# TASK DESCRIPTION
The lines from the one holding "Bartholomew's tourists' map" to the final line of the listing below are to be duplicated exactly, with both ends included and pictures omitted.

INFORMATION SHOWN below:

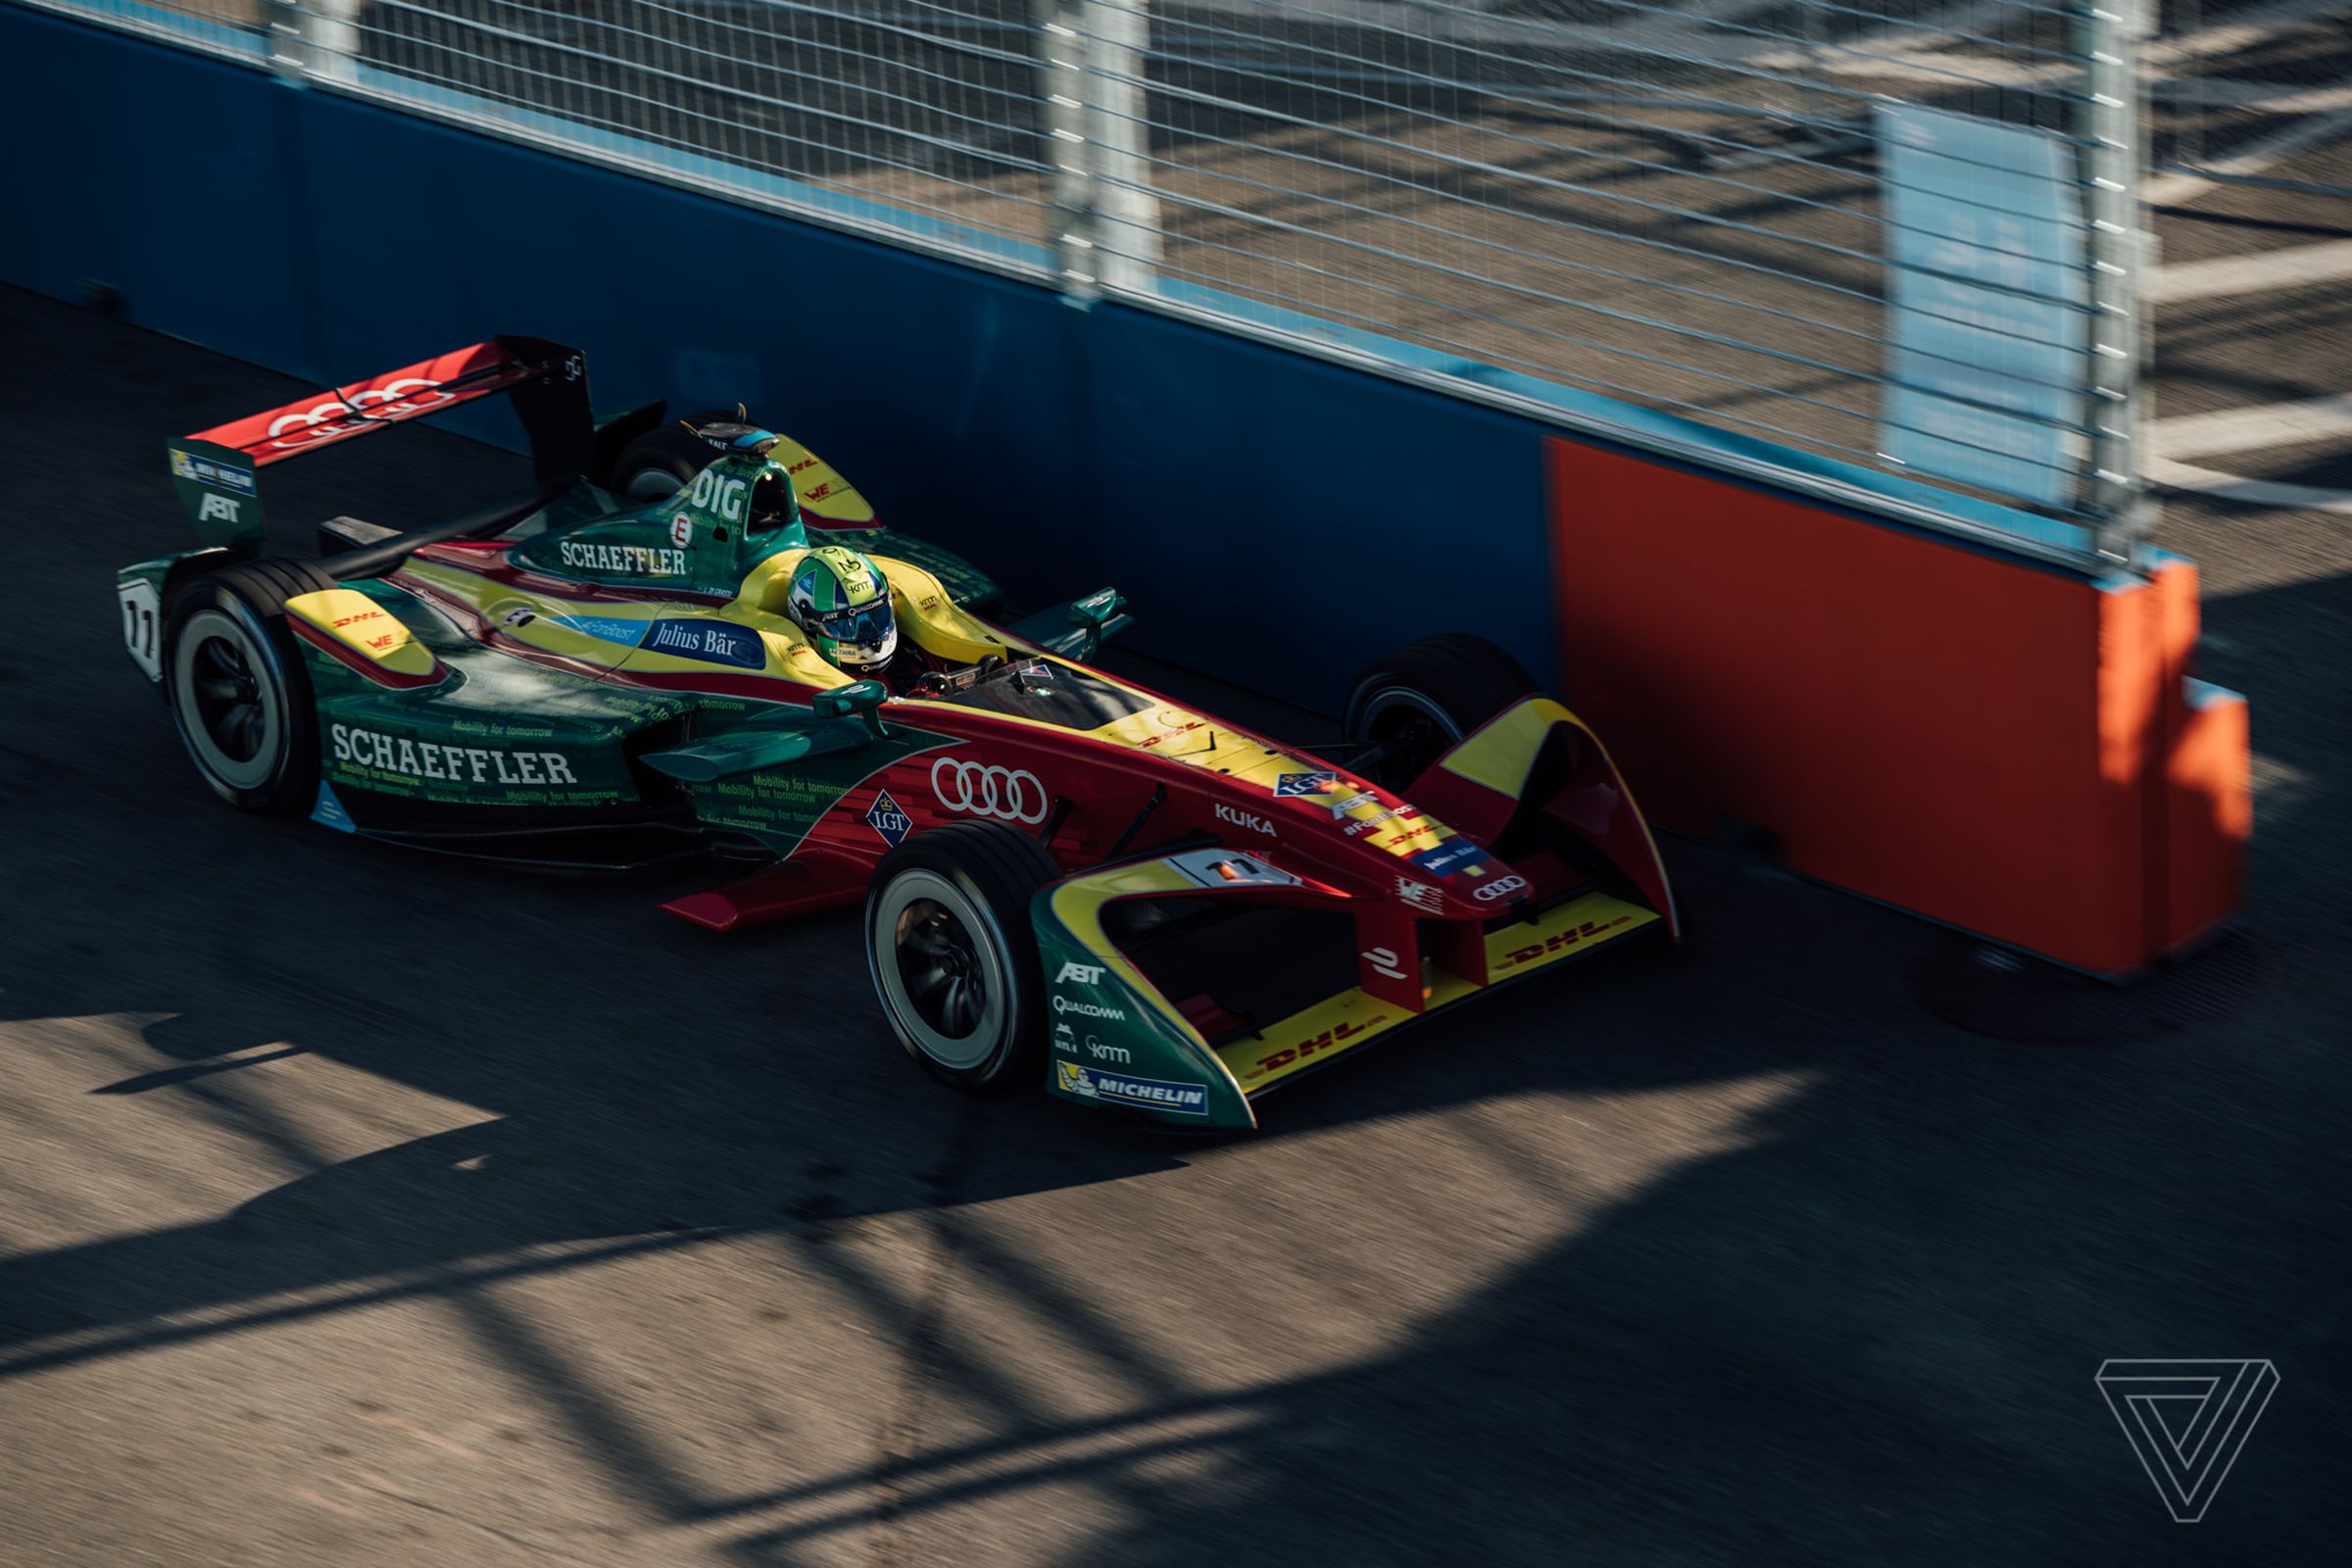 Lucas di Grassi on the track in Sunday’s morning practice.
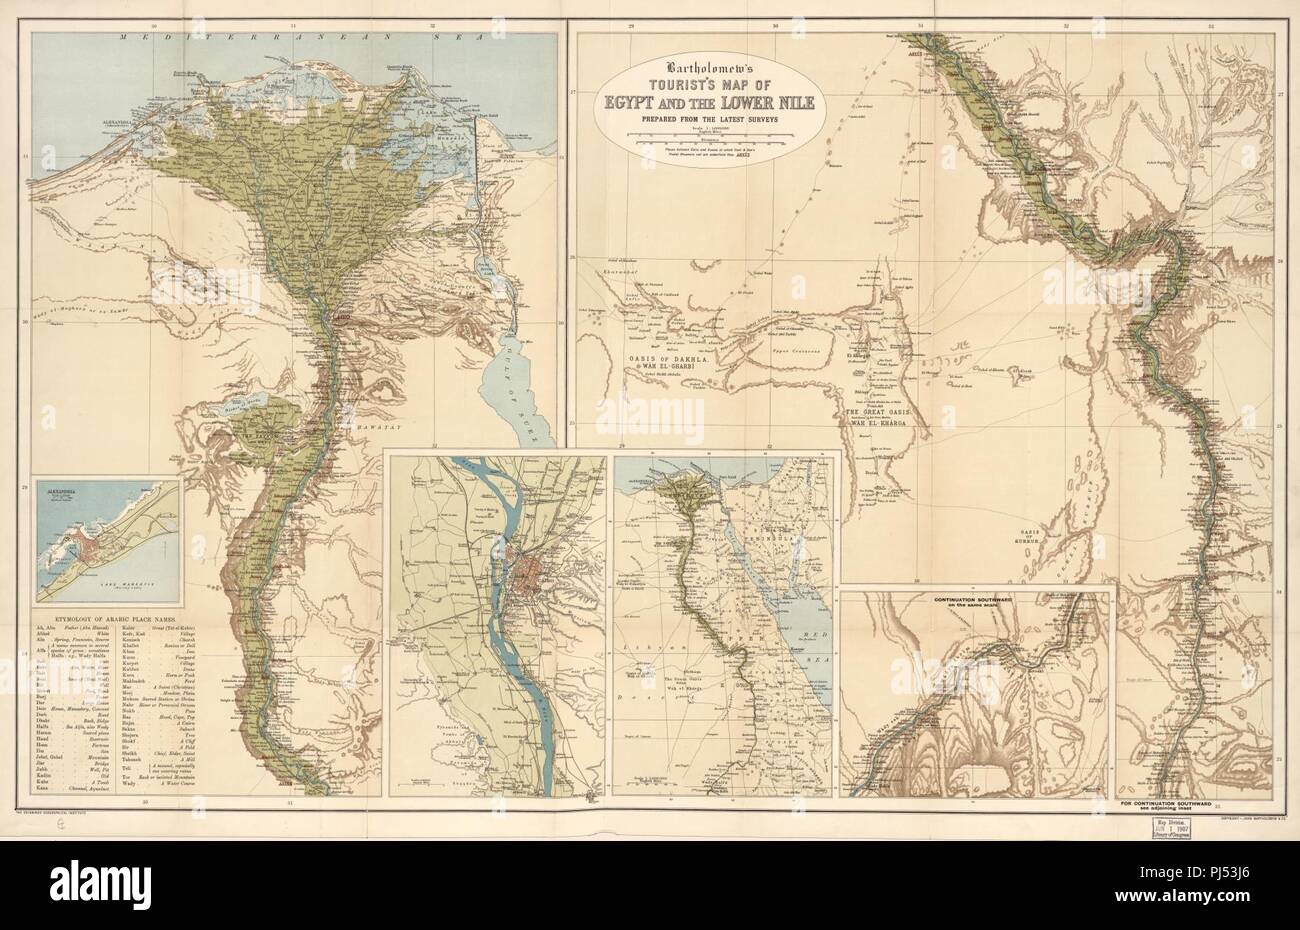 Bartholomew's tourists' map of Egypt and the Lower Nile - prepared from the latest surveys. Stock Photo
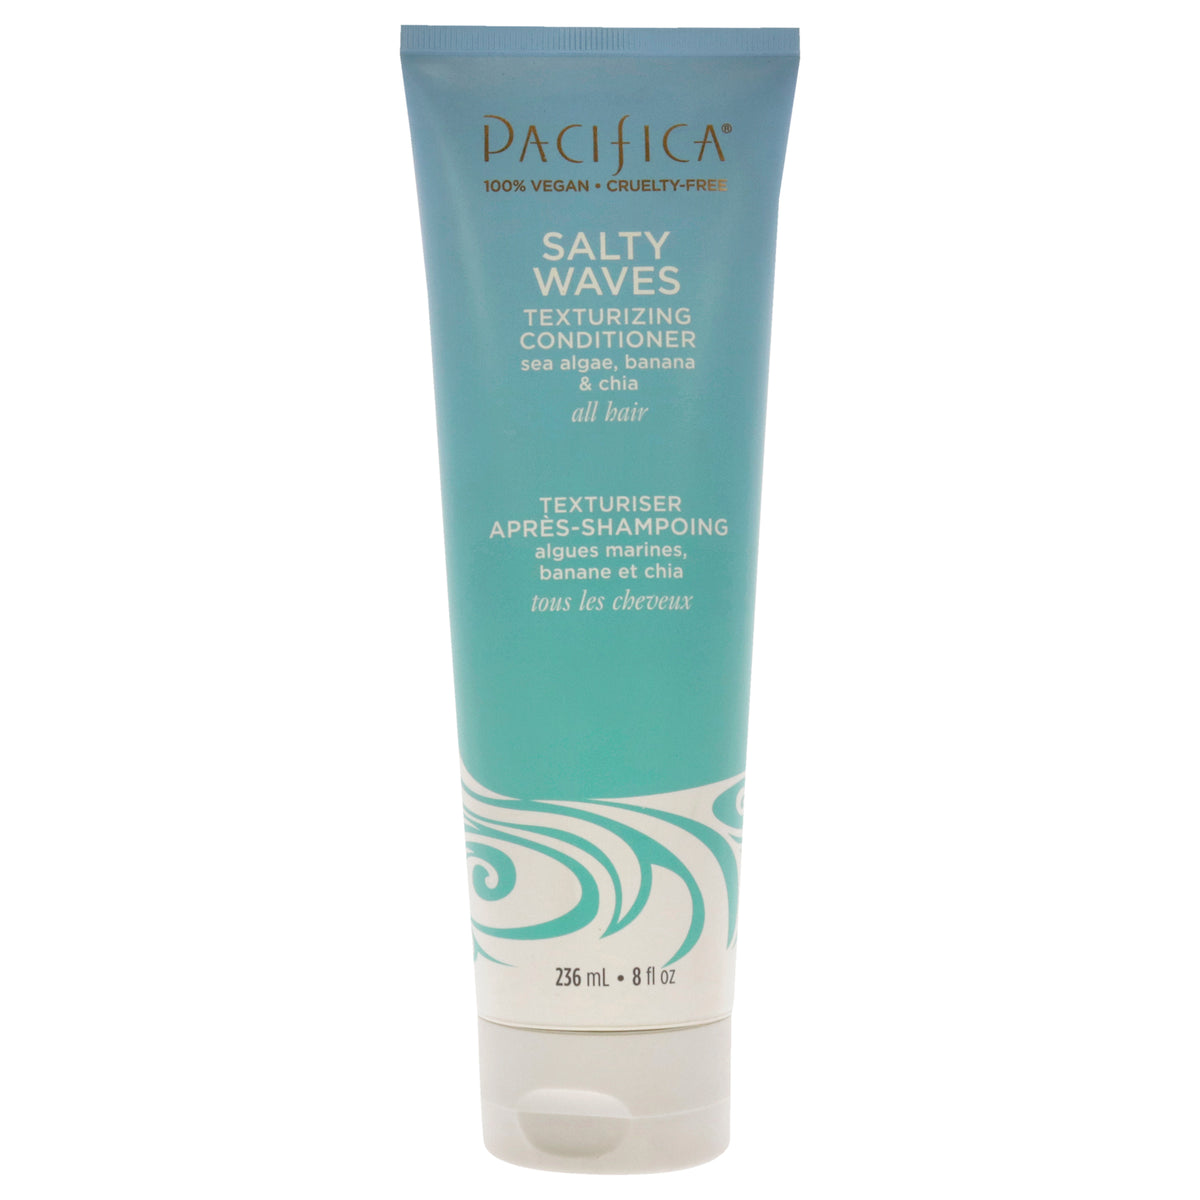 Salty Waves Texturizing Conditioner by Pacifica for Women

End of INFORMATION SHOWN.

# ANSWER SPACE
 Bartholomew's tourists' map of Egypt and the Lower Nile - prepared from the latest surveys. Stock Photo
 Salty Waves Texturizing Conditioner by Pacifica for Women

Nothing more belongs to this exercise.